THE TASK
Transcribe word for word each line from the one containing "Capturing a tray" to the final line of the data, both included. Skip the pictures.

DATA PROVIDED
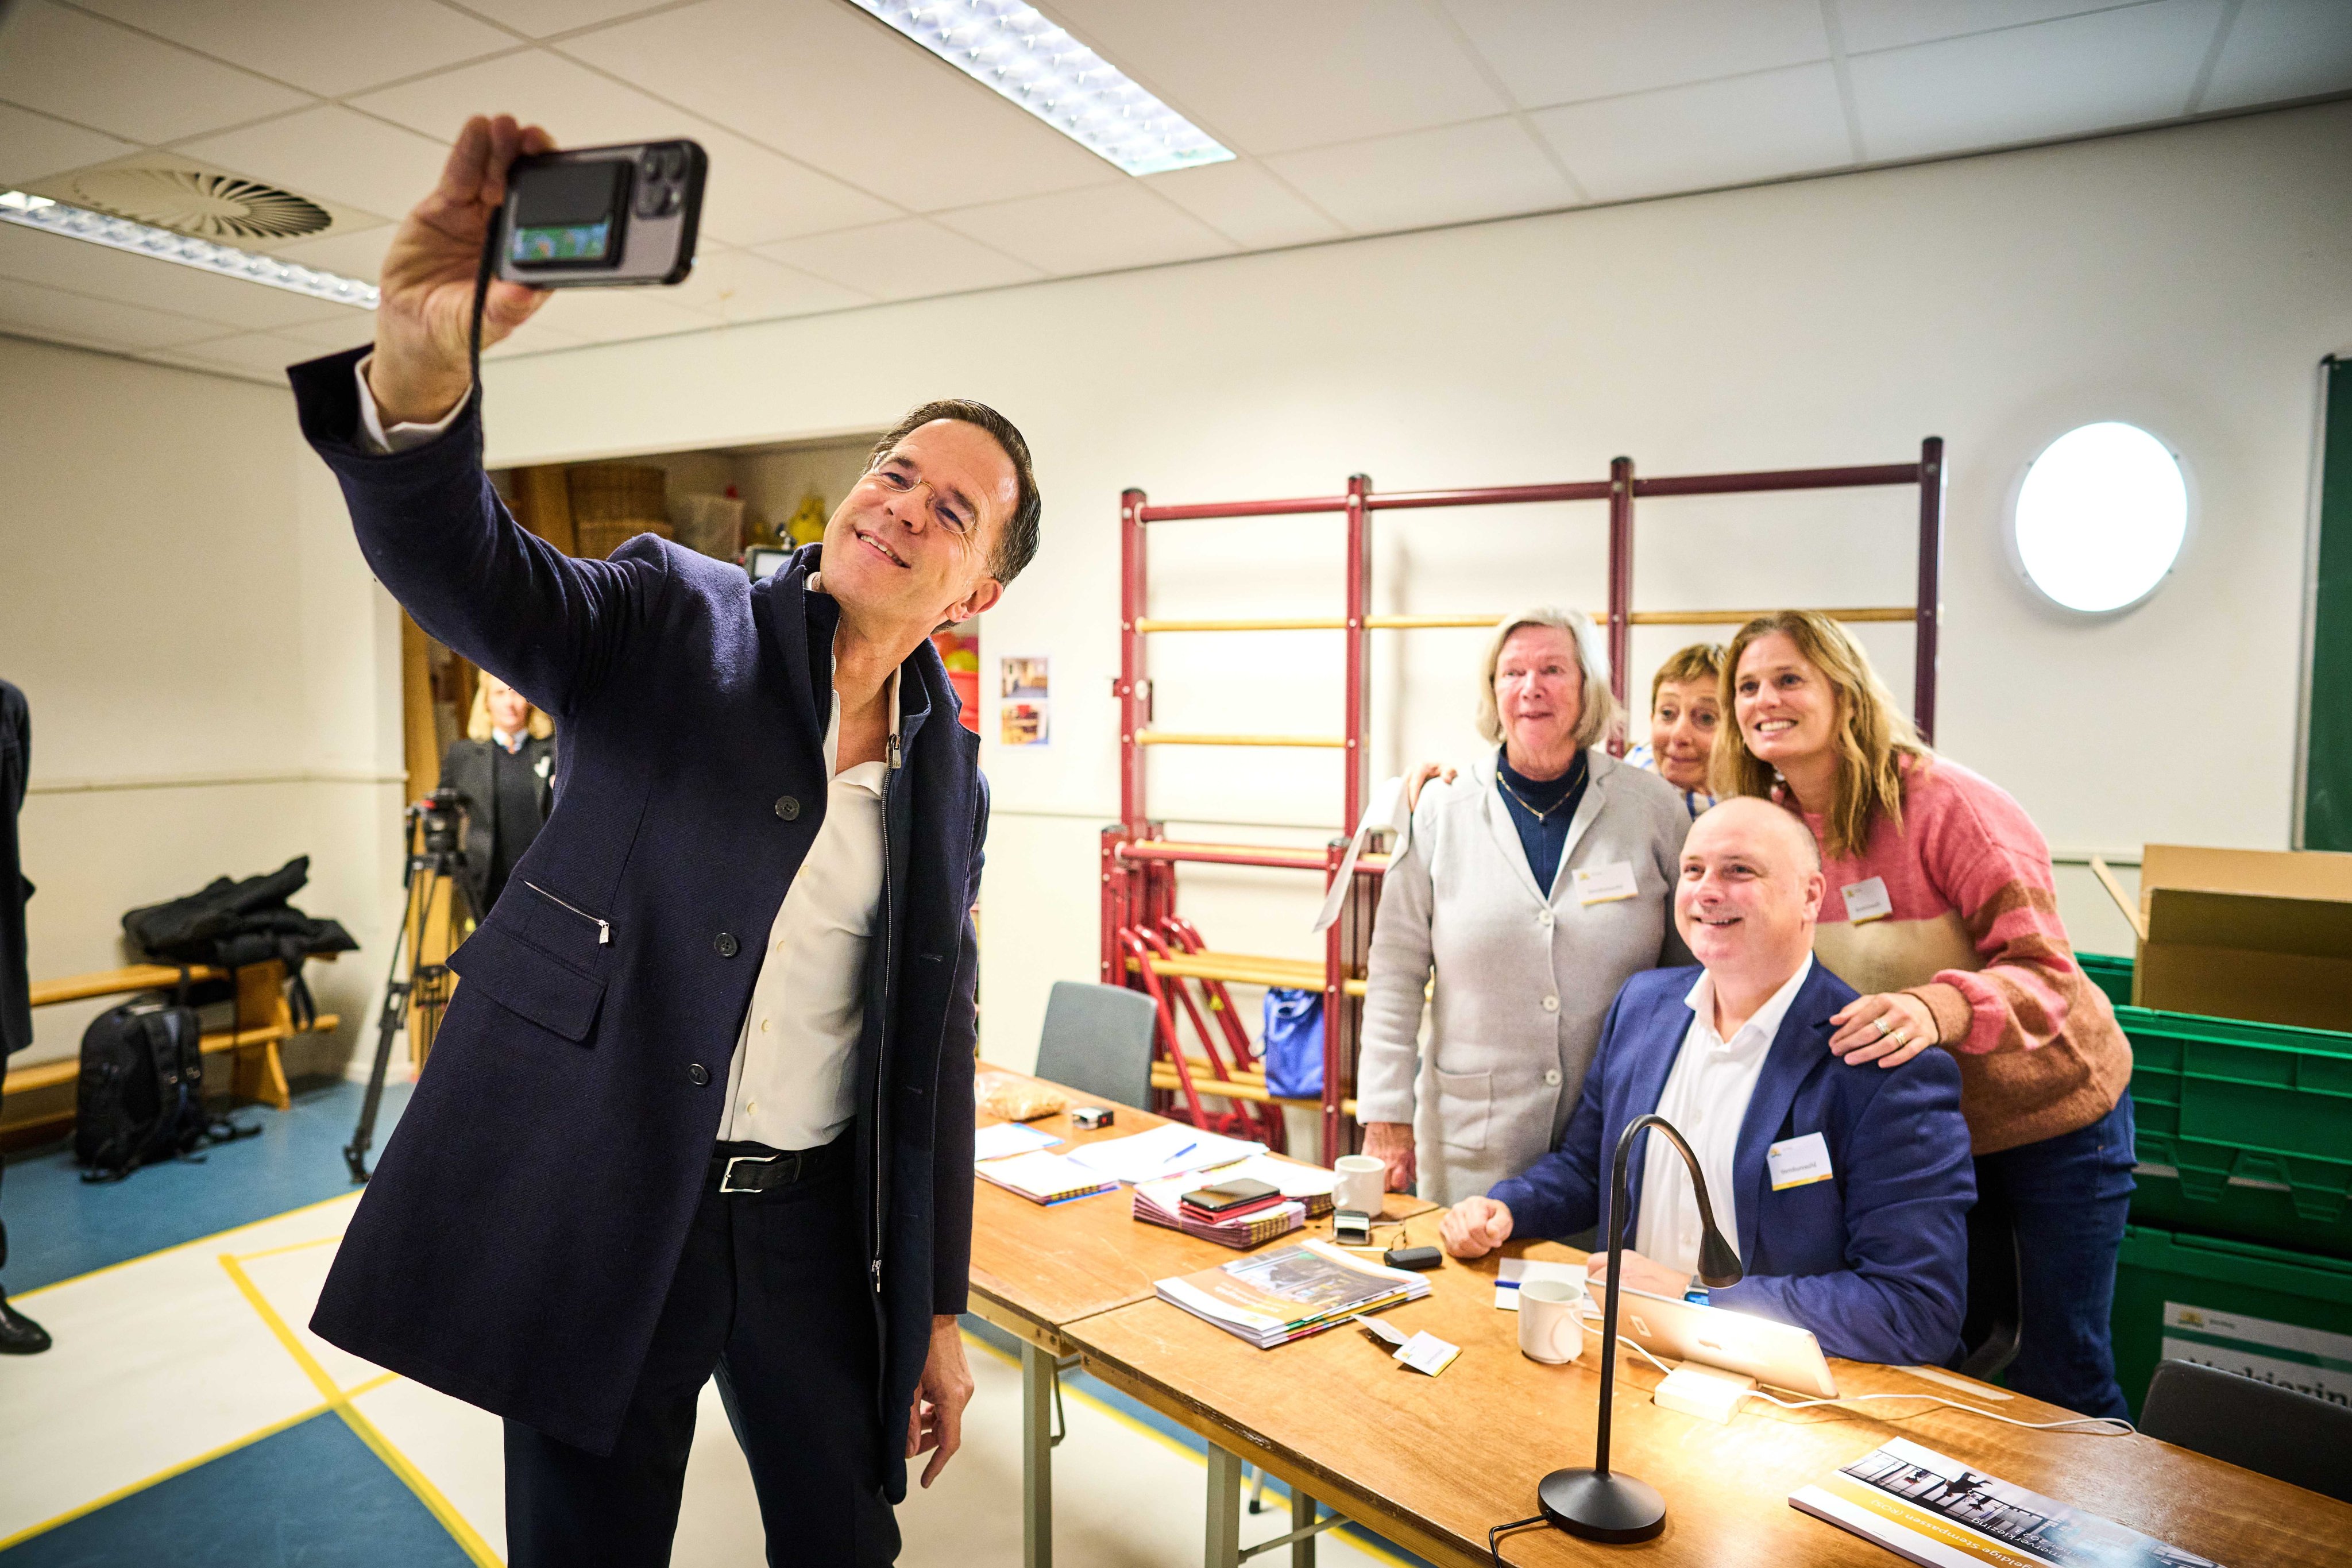 Outgoing Prime Minister Mark Rutte takes a selfie with election workers at a polling station in The Hague, the Netherlands, on Wednesday. Photo: EPA-EFE
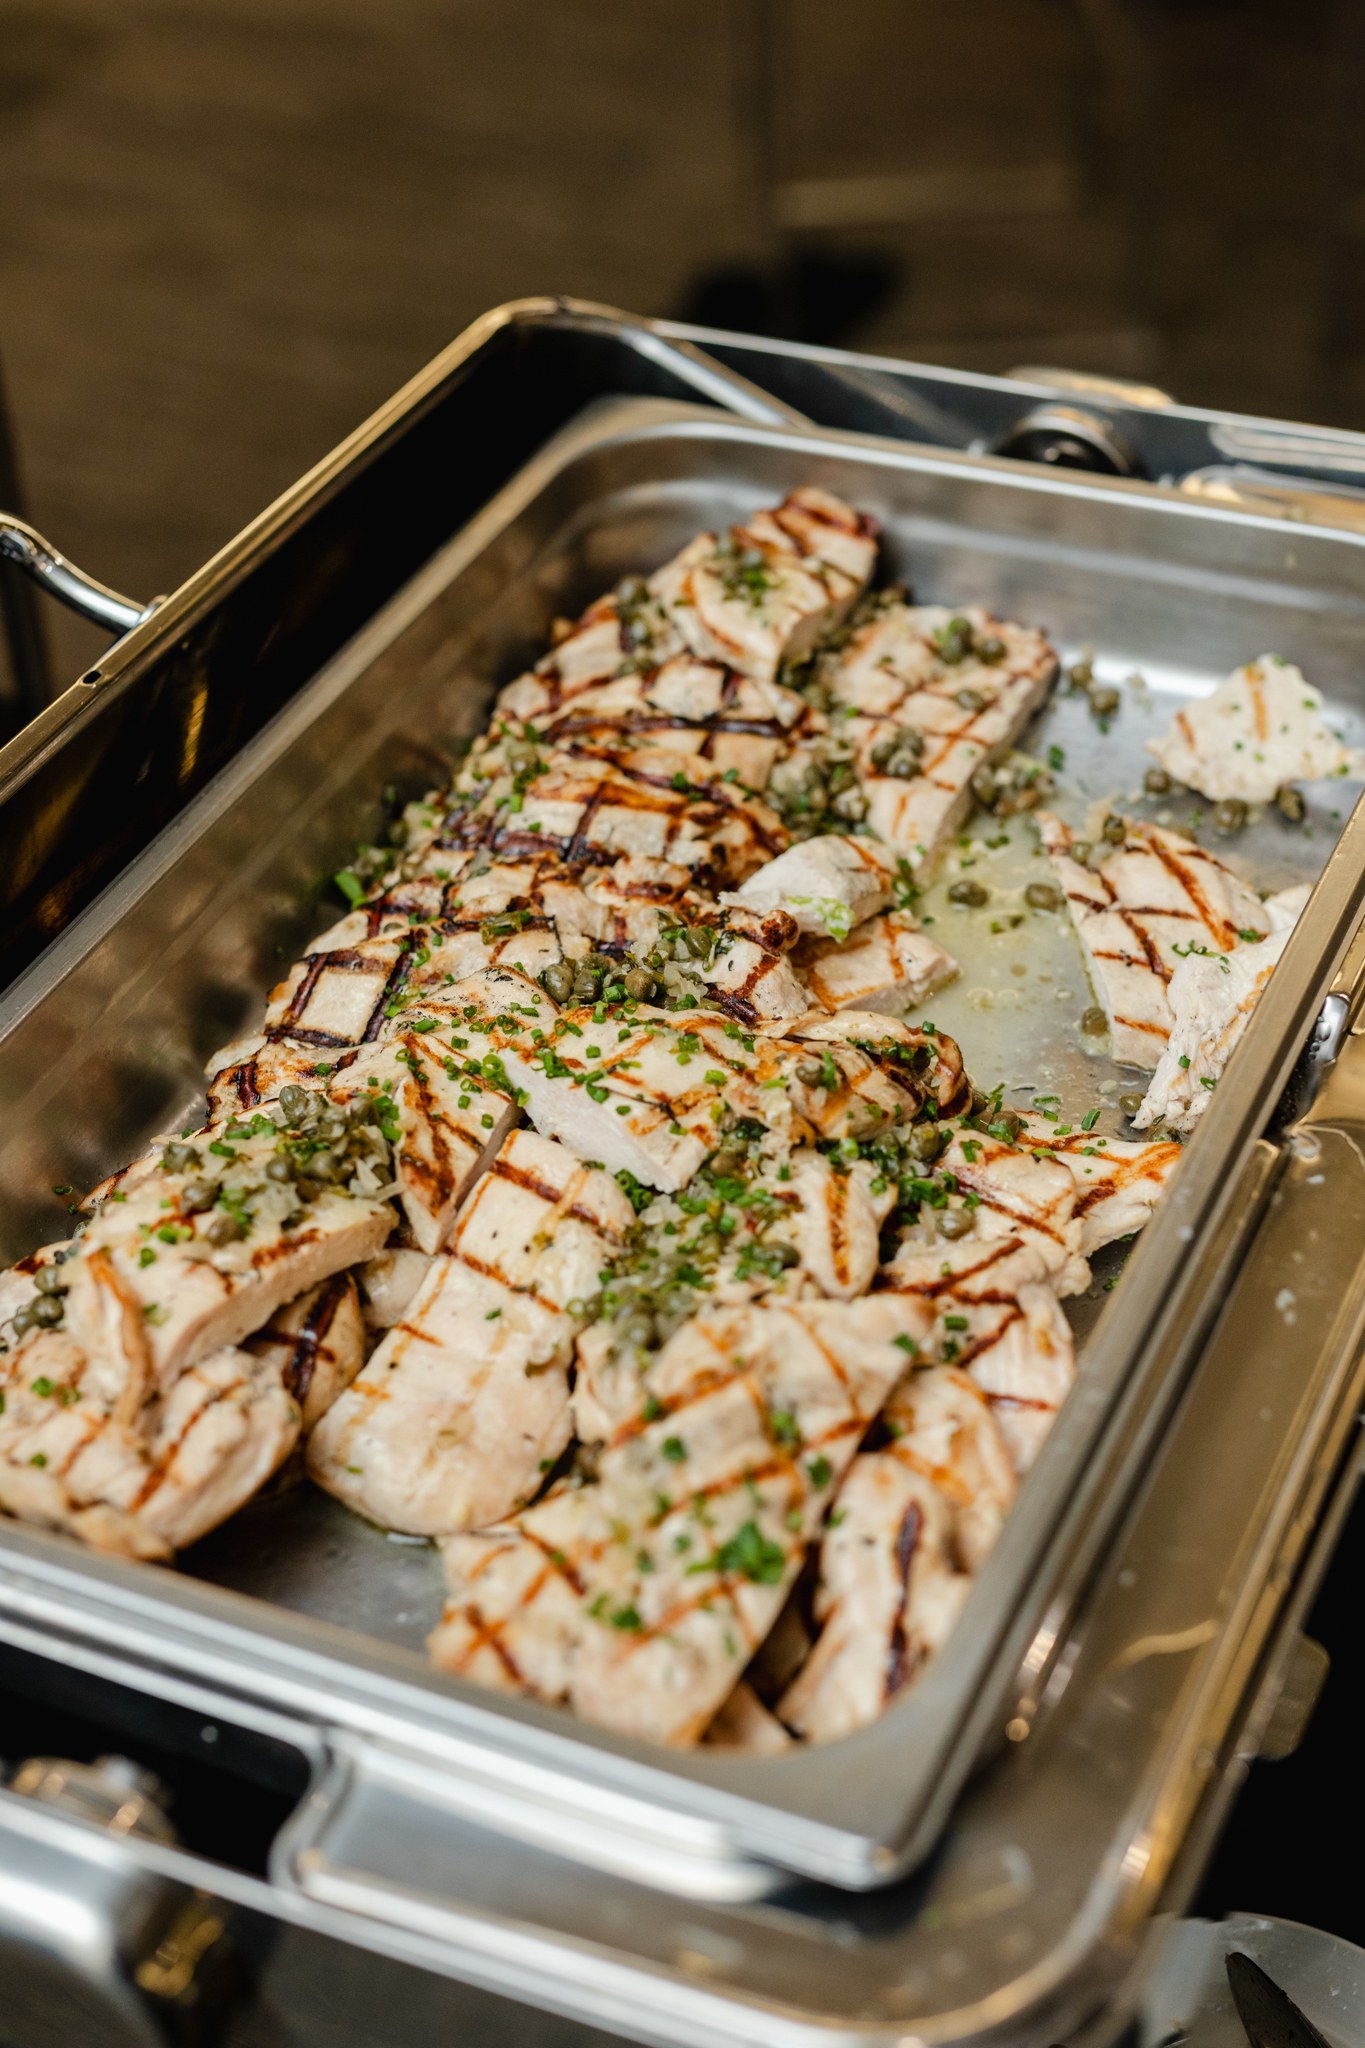 Capturing a tray of succulent grilled chicken during a conference.
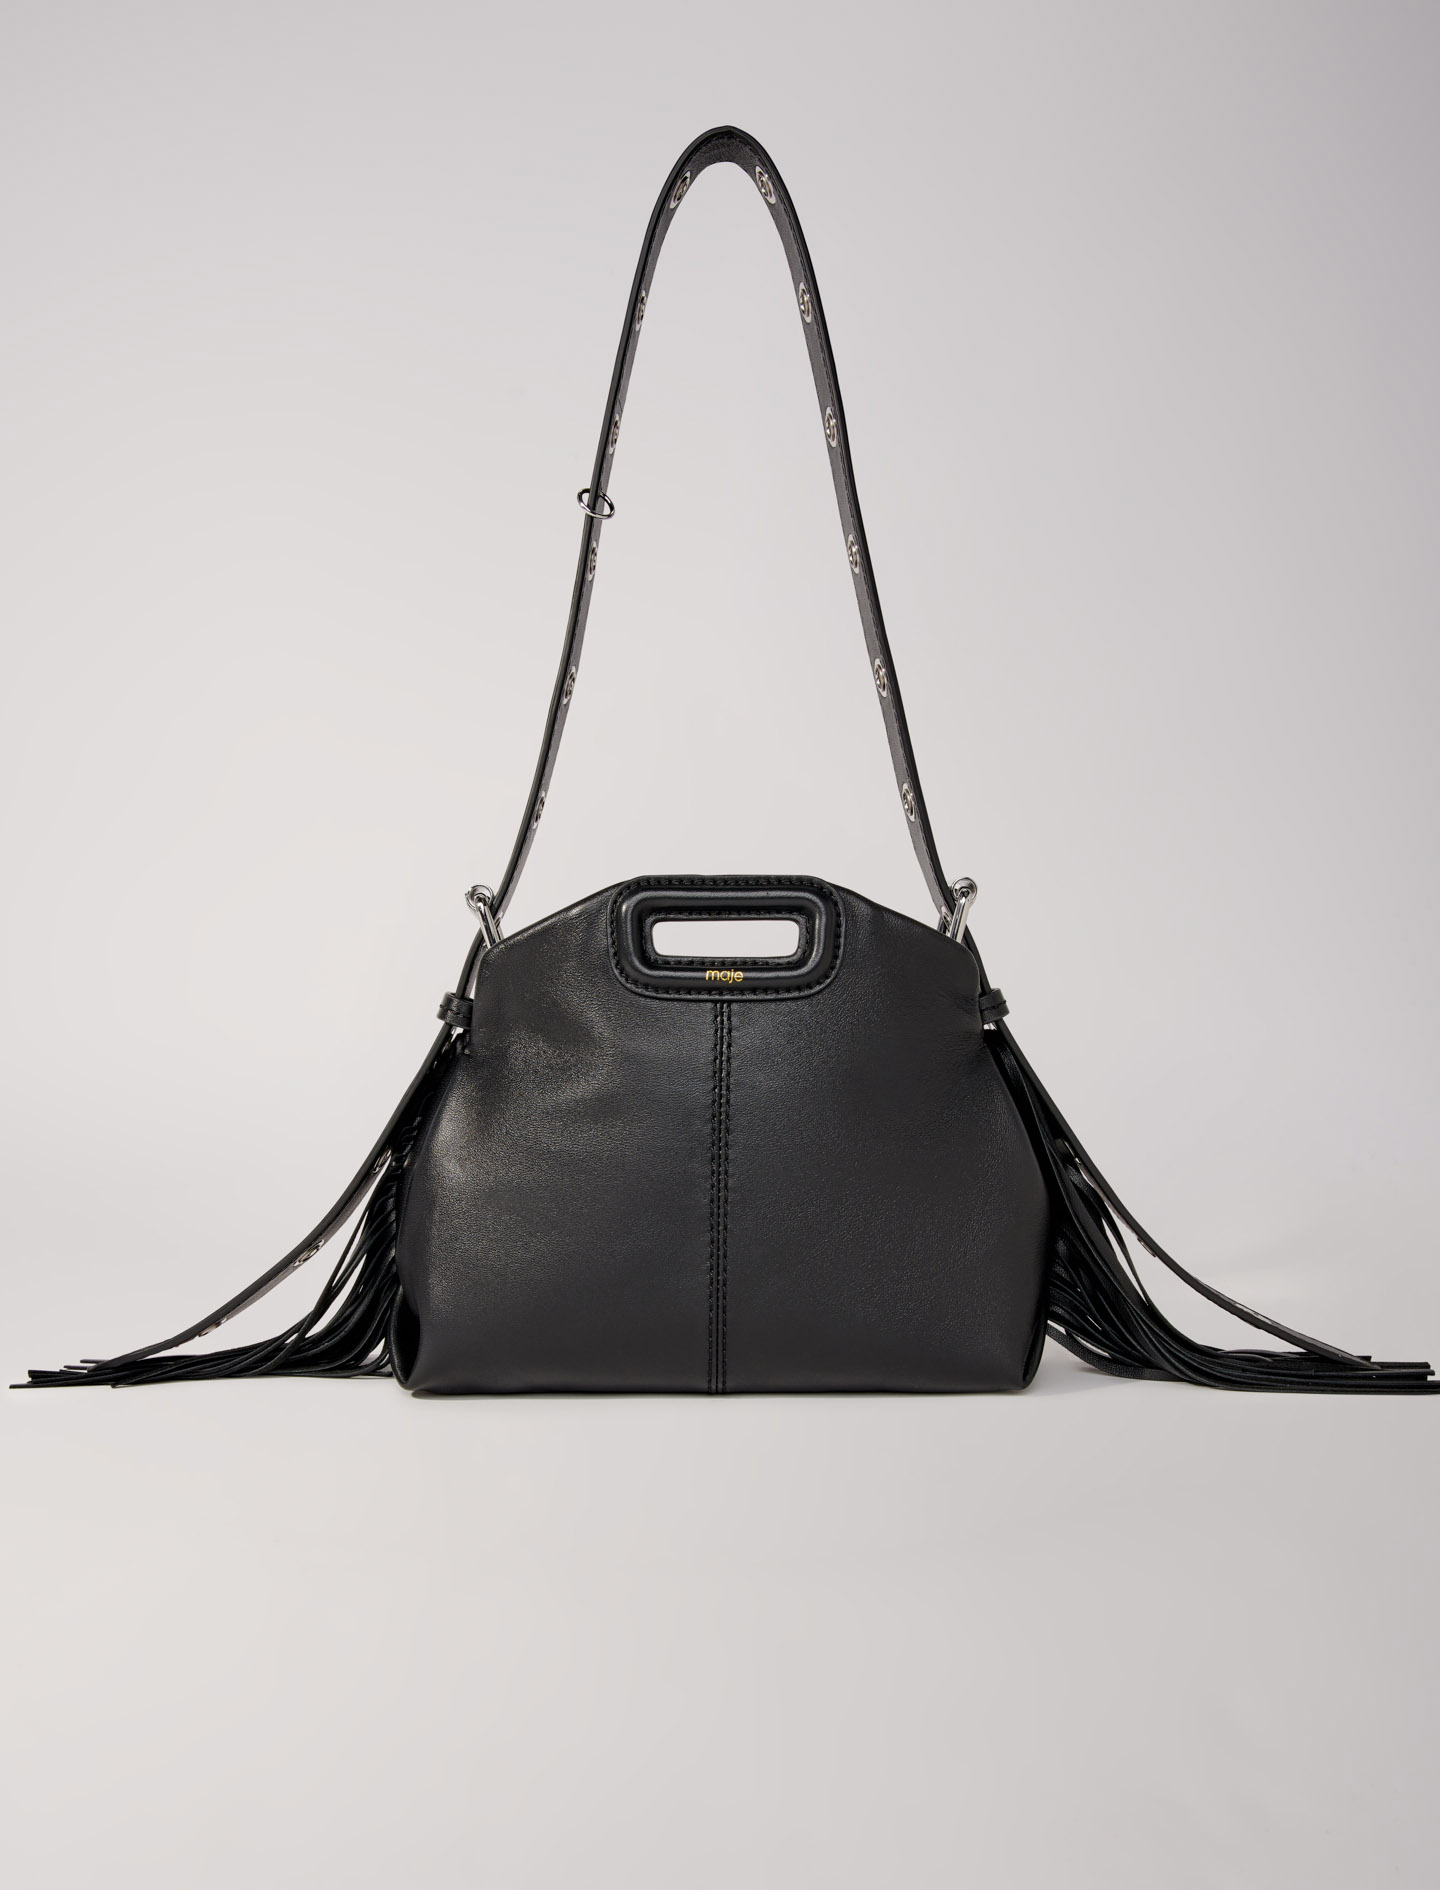 Maje Woman's cotton Leather: Smooth leather mini Miss M bag for Fall/Winter, in color Black / Black

OUTPUT BELOW
 Capturing a tray of succulent grilled chicken during a conference.
 Maje Woman's cotton Leather: Smooth leather mini Miss M bag for Fall/Winter, in color Black / Black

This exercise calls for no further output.